Core memory planes were among the first assembly jobs outsourced to lower cost labor areas. In the '60s Control Data Corp had such a factory they called the Hong Kong Core House.
tympanachus, any pictures of this stuff?
It would be great to see some factory floor photos!
Wistful nostalgia time: My mining industry workplace in the 1986 progressed their engineering design work from a 14 yr old mini frame Data General Nova 4 with 10mb 14" hard disk cartridges to a Sun 2 Workstation with 'only' 8mb of combined disk and RAM memory, a 17" mono monitor and an optical mouse! It was like the scene in 2001 where the apes discover tools.
In 1989 I had a Toshiba 'portable' with 640mb RAM and a 10MB harddrive. On that drive I had AutoCAD, Lotus 123, Wordperfect, PCTools, Frameworks, dBase and a few other utilities and programs. And that computer accomplished tasks far quicker than my current 2GB RAM, 150GB Harddrive, 3.2GHz monster does. Progress!
Ah the joys of programming with punch cards, great for confetti for HS football games but if you made a mistake, it took hours to find it.
I used to be able to read those things ages ago.
When I started in computers (1981) we used a VAX-like computer with the neatest hard drives, I won't tell you what the IS staff used them for, but it was not just storing data as those things could vibrate like the dickens. ;^D
I tell my daughter, who is in the market for a lap top for college, all about the rooms full of computer components and she just stares bug eyed at how big they were. I get a big kick out of telling her how small the storage capacity was and how HUGE one of those old machines would have to be to have the same as the lap tops she is contemplating purchasing.
Being old can be fun sometimes!
My spouse-to-be and I had pic-nicks at Citi Corp. computer center in Westwood, near UCLA. Baby sitting the computers was very important because they processed the bank data for all of their customers' accounts. All of them. The computers used tape, cards, and banks refrigerators which were filled with hard drives that were the size of small TVs with handles. One of the days, while eating lunch in the computer rooms - the computers housed in the immense office building, took up several floors - started blinking lights and ringing horrible bells. Everyone blanched and then ran in all directions. It scared the crap out of me! I thought the place was ready to blow! Loosing data was very serious because redundancy was mostly impossible.
The monstrously large storage units that we use - and companies use today, is for redundancy in the event of component failure. Failure happens all the time.

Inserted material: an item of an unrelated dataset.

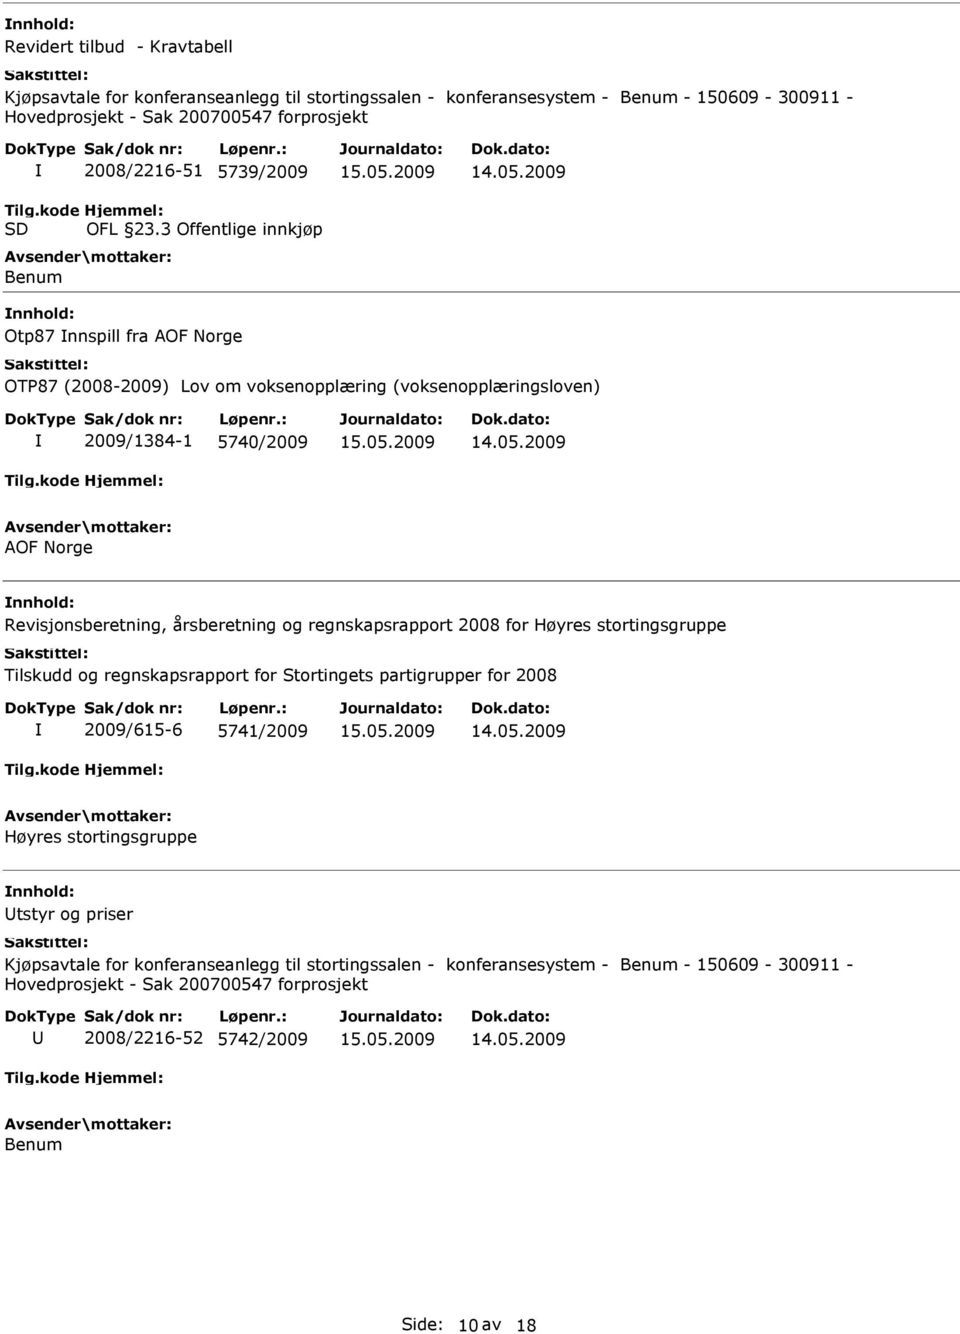 3 Offentlige innkjøp Benum Otp87 nnspill fra AOF Norge OTP87 (2008-2009) Lov om voksenopplæring (voksenopplæringsloven) 2009/1384-1 5740/2009 AOF Norge Revisjonsberetning, årsberetning

Also, around that time I met the head of Boroughs International ( you know, I can't spell the name of this computer company nor can I find it on Google - ah.. time passes and the giants die, too) at Caltech. He used to talk about his buddies at IBM who made the 'Big Machines' He used to demonstrate what BIG was by bouncing about with out-stretched arms, like a albatross, just to tease Watson Jr. at these functions ... Back then, they were THE guys who did this stuff. My soon-to-be also had to take the discs, which looked for all the world like wedding cakes under glass, across the country every week - by jet - to update New York's data base (another foot ball field of computers) ... Internet has changed that, too. By the way, those discs carried the same amount of data that can be stored on a chip, today. And those chips can have multiples of those 'cakes' by the tens of thousands.